The US Securities and Exchange Commission (SEC) has voted to ease some of the tenets of the Form PF reporting requirements, a mandate in Dodd-Frank that gives the Financial Stability Oversight Council insight into the activities of advisers to hedge funds and other private funds.
Significantly, the regulator raised the threshold for large private advisers subject to heightened reporting requirements to those with assets under management of $1.5 billion or more. Previously the threshold was $1 billion. Large private advisers must file information regarding leverage, credit providers, investor concentration and fund performance on an annual basis, plus quarterly reports including funds risk profiles, according to J.H. Cohn LLP, an accounting and consulting firm.
The SEC also lengthened the time frame large private advisers have to file from 15 days to 60 days from the end of the quarter or fiscal year.
Advisers with less than $150 million in regulatory assets under management do not need to file.
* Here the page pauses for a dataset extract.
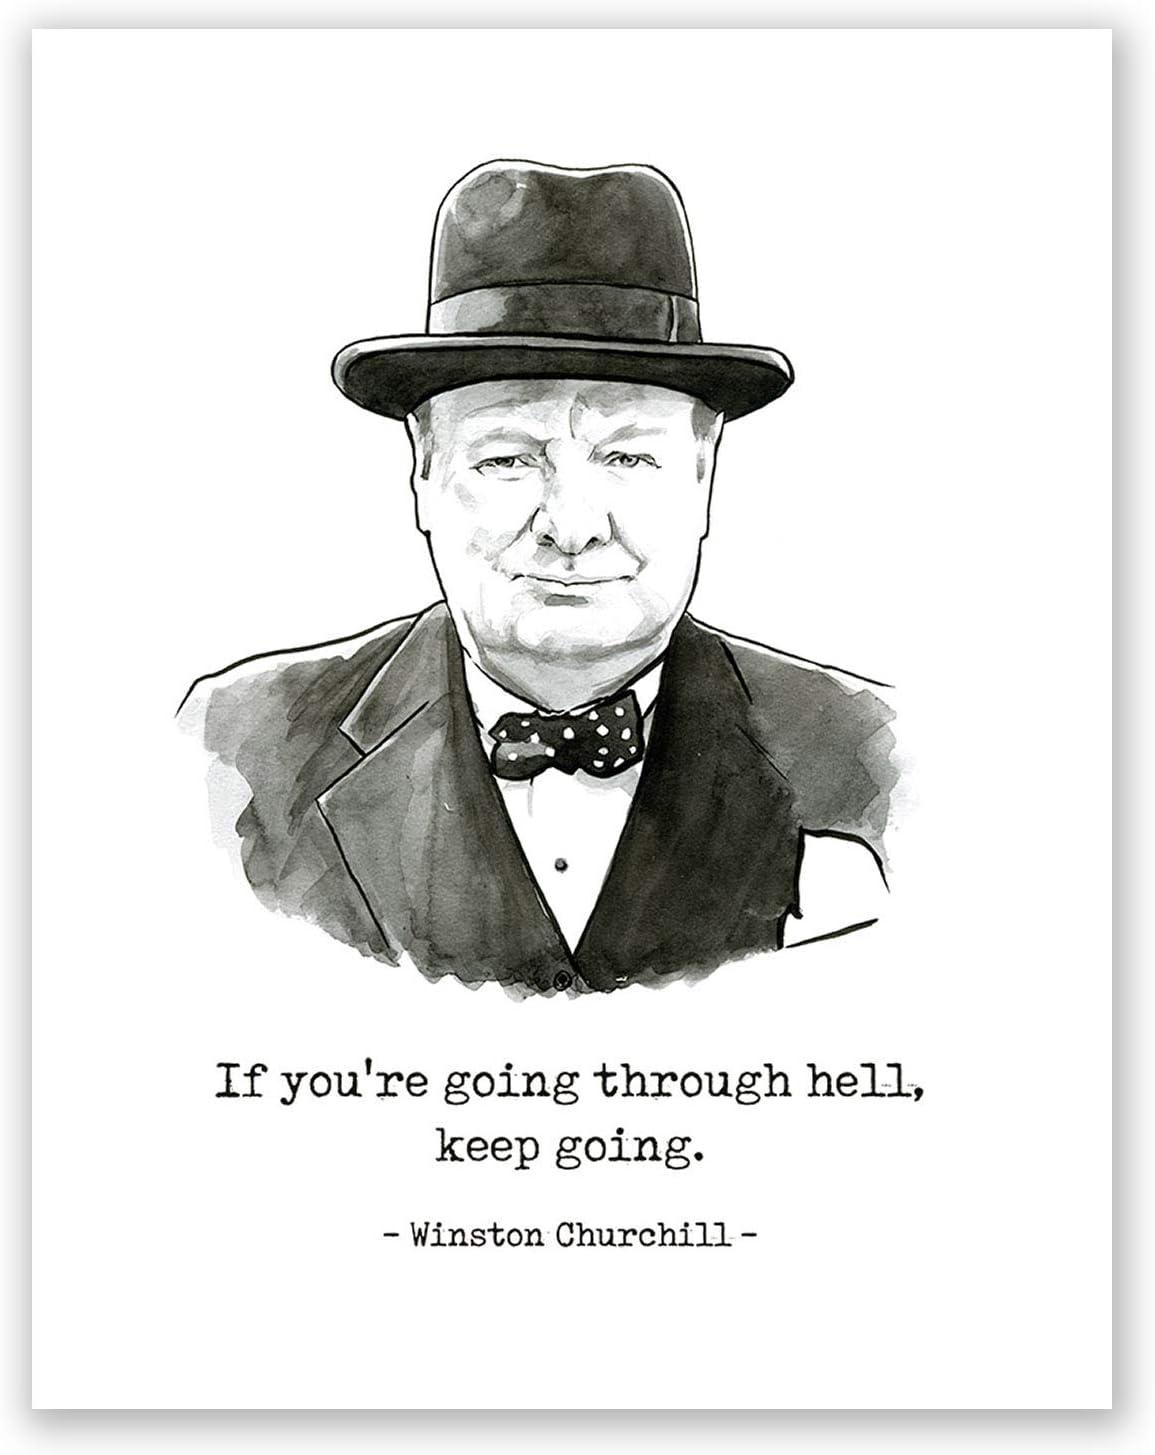 Winston Churchill quote art print wall art poster print  gift film A

Those with more than $150 million but less than the $1.5 billion threshold will be given 120 days to file rather than the initially proposed 90 days. These smaller advisers must annually report information about fund strategy, counterparty credit risk and use of trading and clearing mechanisms, according to J.H. Cohn.
The SEC also extended the first required filing date for most advisers to the first fiscal year or quarter, depending on the advisers AuM, ending on or after Dec. 15, 2012. The biggest advisers, those with $5 billion or more of assets under management attributable to hedge funds, must file with the earlier quarter- or fiscal year-end on or after June 15, 2012.
The final set of requirements for Form PF await a vote by the Commodity Futures Trading Commission (CFTC), the US futures and options regulator, next week.
The data collection form that we have adopted will address the dramatic lack of private fund information available to regulators today while easing the burden on private fund managers producing the data, says SEC Chairman Mary L. Schapiro.
Form PF places an increased regulatory burden on private funds, particularly hedge funds, that historically have operated with relatively little regulatory oversight. Fund administrators have responded by developing Form PF reporting services, such as the ones developed by GlobeOp and Viteos.